While Judge Lumbard and Judge Lasker have expressed what each believes to be the proper source of relief in this case, neither has addressed at any length the one issue properly before us — the propriety of relief under Rule 60(a). While their failure to address this issue may be due to the obvious inapplicability of Rule 60(a) to this case, I think that the issue deserves greater discussion since it was the basis for the decision of the court below.

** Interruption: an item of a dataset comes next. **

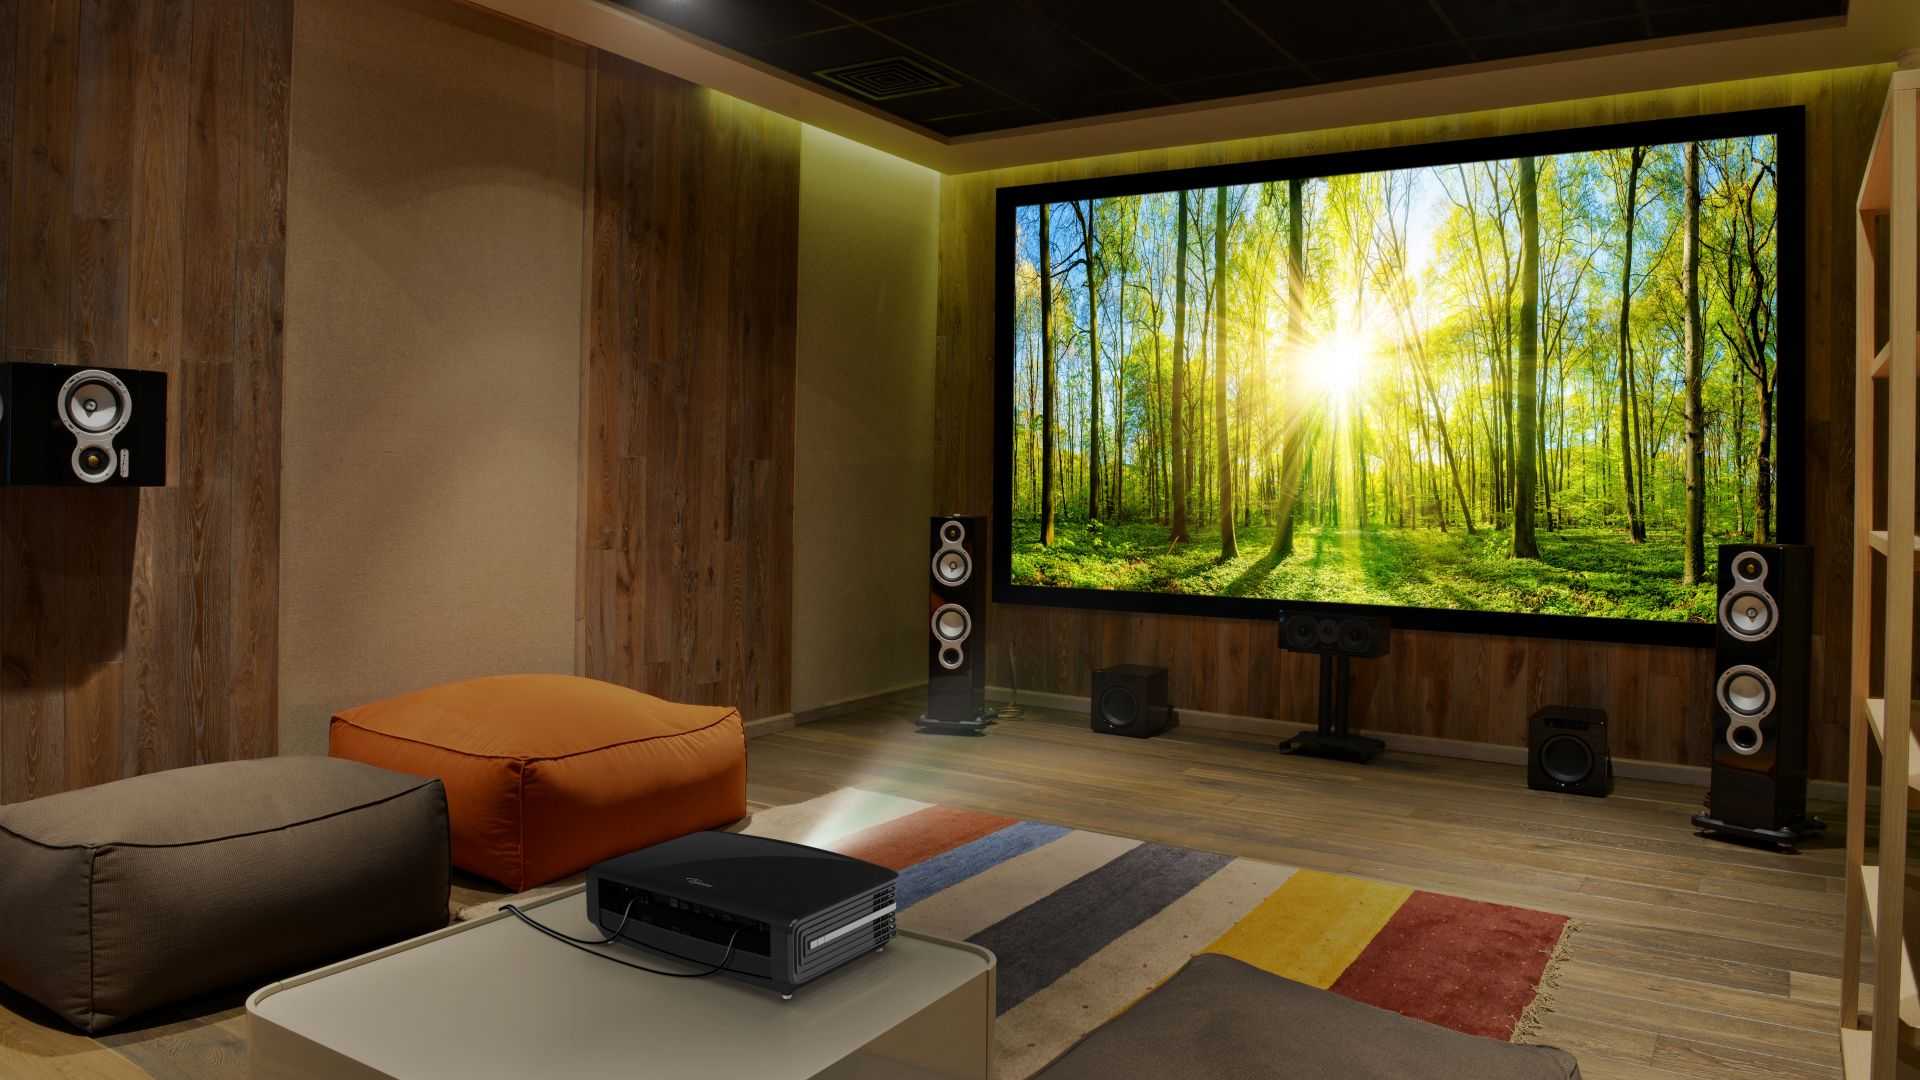 Проектор для дома вместо телевизора: получится ли заменить?

I agree with Judge Metzner that Rule 60(a) relief is not appropriate in this case and would therefore affirm his decision. While relief from alleged judicial errors may be available under Rule 59(e) or Rule 60(b)(1), see 7 Moore’s Federal Practice ¶ 60.22[3] (2d ed. 1979); 11 Wright & Miller, Federal Practice and Procedure, § 2854, at 149 (1973), I agree with Professor Moore that “[i]n exercising the power to correct clerical mistakes [under Rule 60(a)], courts should . . . confine the power to correction of mistakes that may legitimately be said to be clerical, and exercise it only on a clear showing of mistake.” 6A Moore’s Federal Practice, supra, ¶ 60.06[3], at 4063 (footnote omitted). The overriding policy of ensuring finality in judgments militates against in*854terpreting Rule 60(a), which permits a motion to be made thereunder at any time, to embrace applications for the substantial relief sought here. McLearn would have the district court declare over half a decade after the entry of judgment whether the dismissal of her common-law claims was jurisdictional or on the merits. The relief McLearn seeks was available within ten days from the entry of judgment under Rule 59(e), or possibly, at the very latest, within one year under Rule 60(b)(1).
Much of the litigation in this action obviously could have been avoided had the district court made clear at the outset whether it exercised pendent jurisdiction in dismissing the common-law claims. In cases involving pendent claims, district courts should, as a matter of course, expressly state whether a dismissal of a state cause of action is on the merits or for lack of subject matter jurisdiction. Failing that, a plaintiff should seek relief under Rule 59(e) within the. prescribed time to alter or amend the judgment so that it reflects the intended disposition of the state claims.